Chi deve insegnare ai giovani?

Fino ad ora tutto quello che abbiamo detto sulla gestione culturale è valido solo ed esclusivamente per la popolazione adulta. Infatti siamo partiti dalla premessa che i bambini sono spinti principalmente dal desiderio di accontentare i genitori, mentre i grandi da quello di risolvere dei problemi pratici per gestire la propria vita, come appunto compete ad un adulto. Il problema di diffondere la cultura alle nuove generazioni è dunque diverso da quello di diffonderla all’interno della comunità.

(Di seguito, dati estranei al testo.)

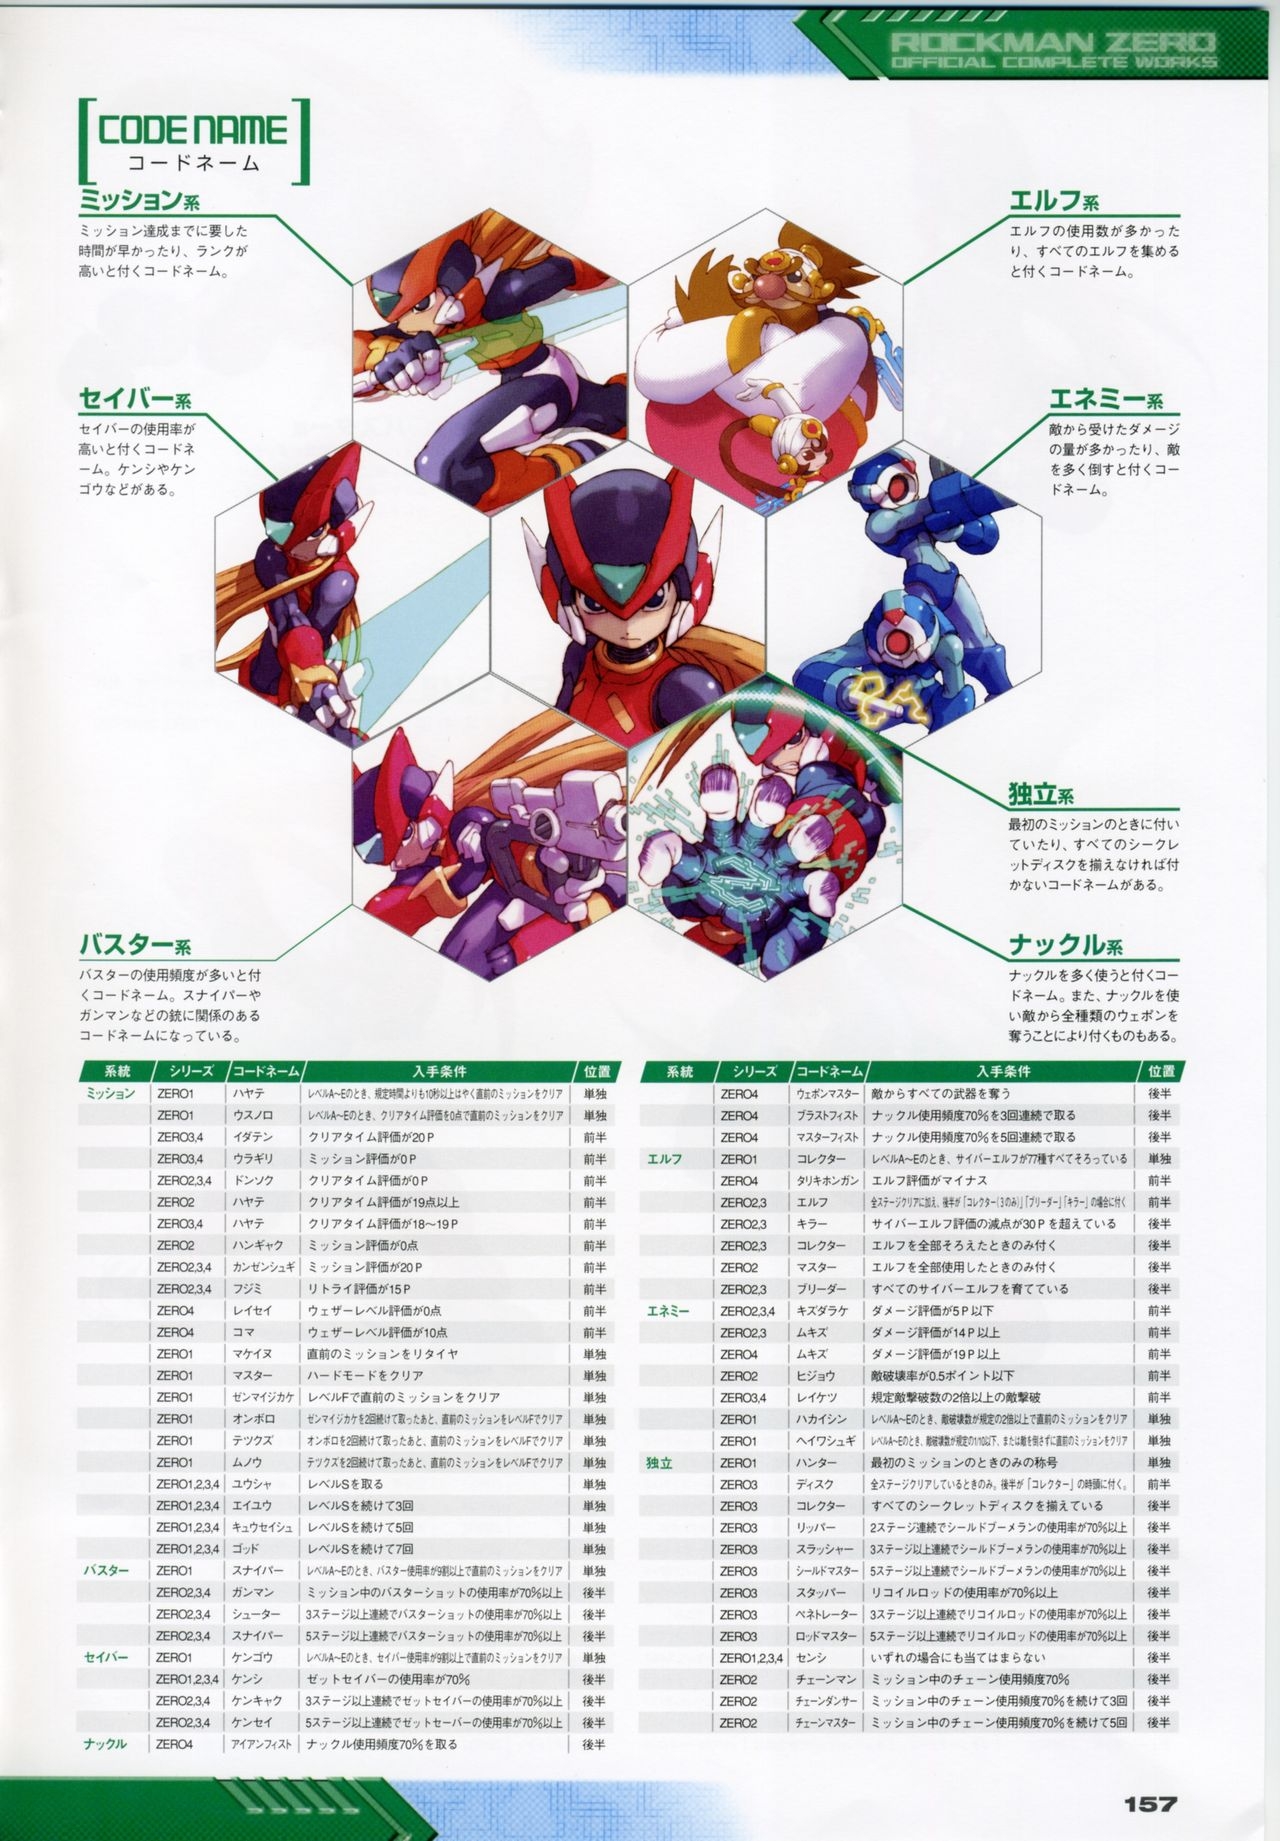 Rockman Zero Official Complete Works 160

Anche in questo caso tuttavia tale operazione deve essere gestita dagli adulti in quanto sono questi che detengono il patrimonio da trasmettere, che ne conoscono il valore e l’utilità, o che almeno dovrebbero; i ragazzi invece non hanno la possibilità di farlo se non su indicazione dei grandi. Tuttavia il passaggio dal bambino all’adulto è molto lento e graduale e questo comporta che di fatto nei ragazzi troviamo sia delle caratteristiche tipiche del bambino, sia alcune proprie dell’adulto. È pertanto ragionevole pensare che anche le varie forme di insegnamento debbano con gradualità passare da quelle tipiche per i bambini piccoli a quelle per l’uomo maturo. I giovani allora devono essere guidati dagli adulti, i quali dovranno anche accertarsi che lungo il percorso i giovani diventino completamente autonomi.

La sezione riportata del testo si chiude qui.